Method for Characterization of Newtonian Fluids
TECHNOLOGY NUMBER: 2022-063
OVERVIEW
Characterization of multiple rheological properties in extension of Newtonian liquids- The approach improves upon an existing technique called capillary breakup rheometry (CBR)
- Can be used with existing instrumentation to measure sample viscosity and surface tension
BACKGROUND
Newtonian fluids are those that have a constant viscosity regardless of any applied shear rate or stress. Capillary breakup rheometry (CBR) is a traditional method for characterizing extensional properties of fluids that can form a liquid bridge. Capillary rheometers are primarily used for measuring the viscosity of suspensions and slurries containing relatively large particles, at high particle loadings such as polymer melts, ceramic slurries, foodstuffs, inks, and coatings. The method for CBR involves injection of a small amount of fluid into a thin capillary tube after which it is subjected to a slight, time-varying pressure pulse. This approach causes the fluid to stretch and then break into droplets, and the size and shape of these droplets can be analyzed to determine the fluid's viscosity and other properties. Capillary breakup rheometry is particularly useful for measuring the high shear rates that occur in many industrial processes, such as injection molding or extrusion, where the viscosity of the fluid is a critical parameter. The technique is also used in fundamental research to study the dynamics of fluid flow and the physics of droplet breakup. While CBR is advantageous over conventional rheometers because it does not require a force measurement, so it is useful for low-viscosity fluids where small forces are difficult to measure. Still, existing CBR technologies underpredict viscosity and are limited to dynamic viscosities of 70 millipascal seconds (mPa-s). So, a need exists for an improved CBR that is capable of overcoming these shortcomings.
INNOVATION
Researchers have developed a method for characterization of multiple rheological properties in extension of Newtonian liquids, including viscosity and surface tension. The modified procedure involves imposing an oscillatory deformation profile to a filament in a manner that improves upon existing methods for capillary breakup rheometry (CBR). This innovation involves imposing an oscillatory deformation profile to a filament initially placed between two parallel plates.

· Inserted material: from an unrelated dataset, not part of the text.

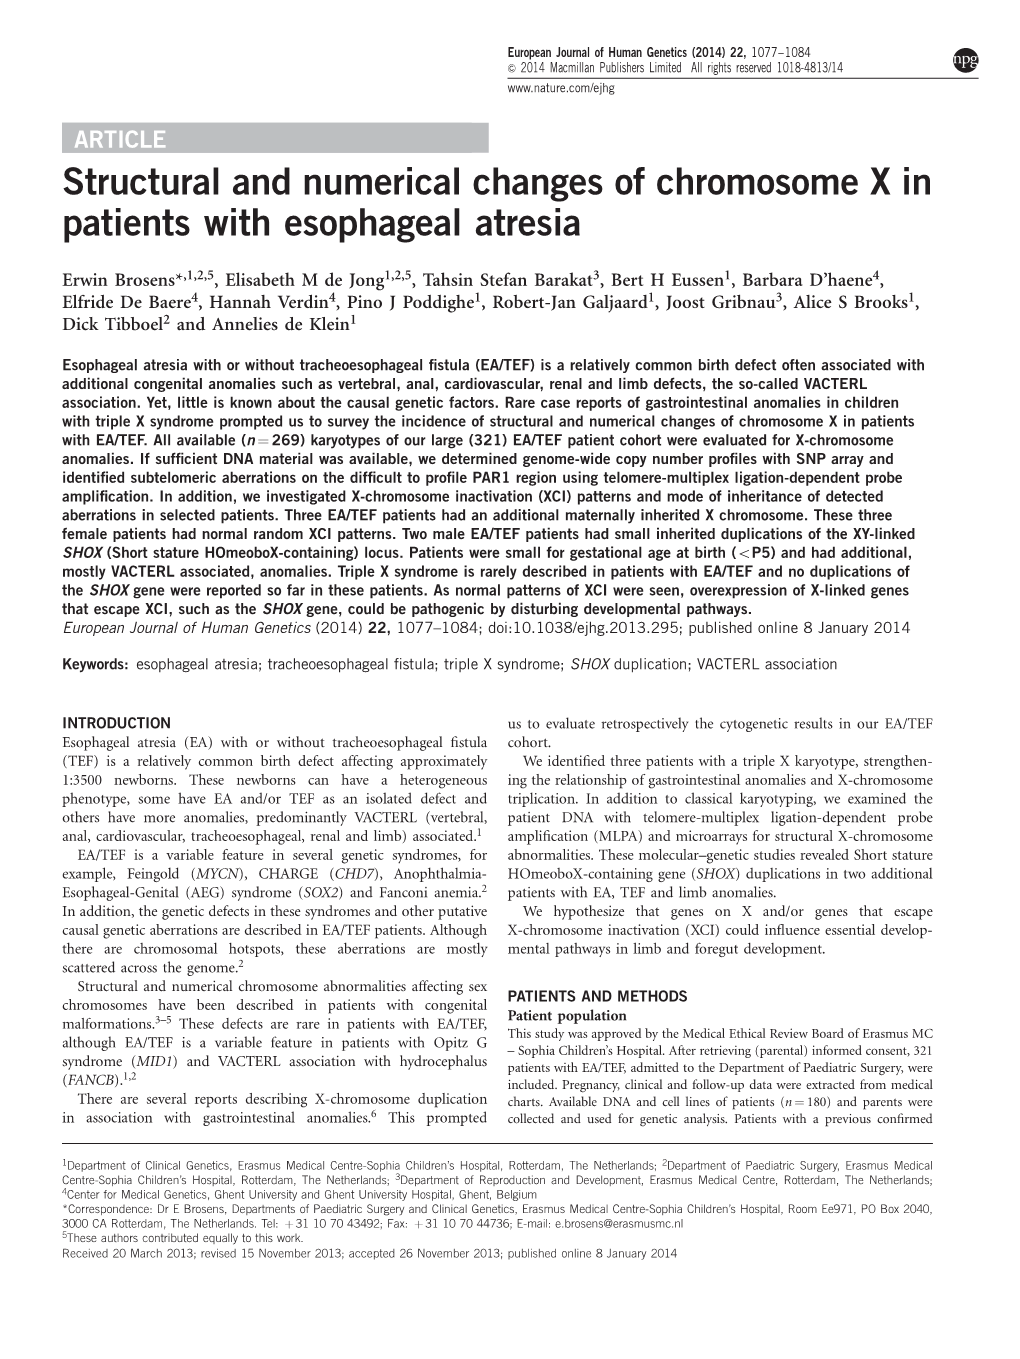 Structural and Numerical Changes of Chromosome X in Patients with Esophageal Atresia

This technology can be used with existing instrumentation, and it helps prevent filament break-up. Oscillation can be performed with optical photography such as capabilities included in smart phones to measure the filament diameter at midpoint. This approach can be used for the characterization of multiple rheological properties in extension of Newtonian liquids, and it has the potential to be developed to incorporate linear viscoelasticity. The set-up can be likely be extended to also include the measurement of a non-Newtonian relaxation time. Further modifications will seek to optimize the measurement of surface tension and viscosity ratios, permitting a better understanding of the limits of the proposed procedure.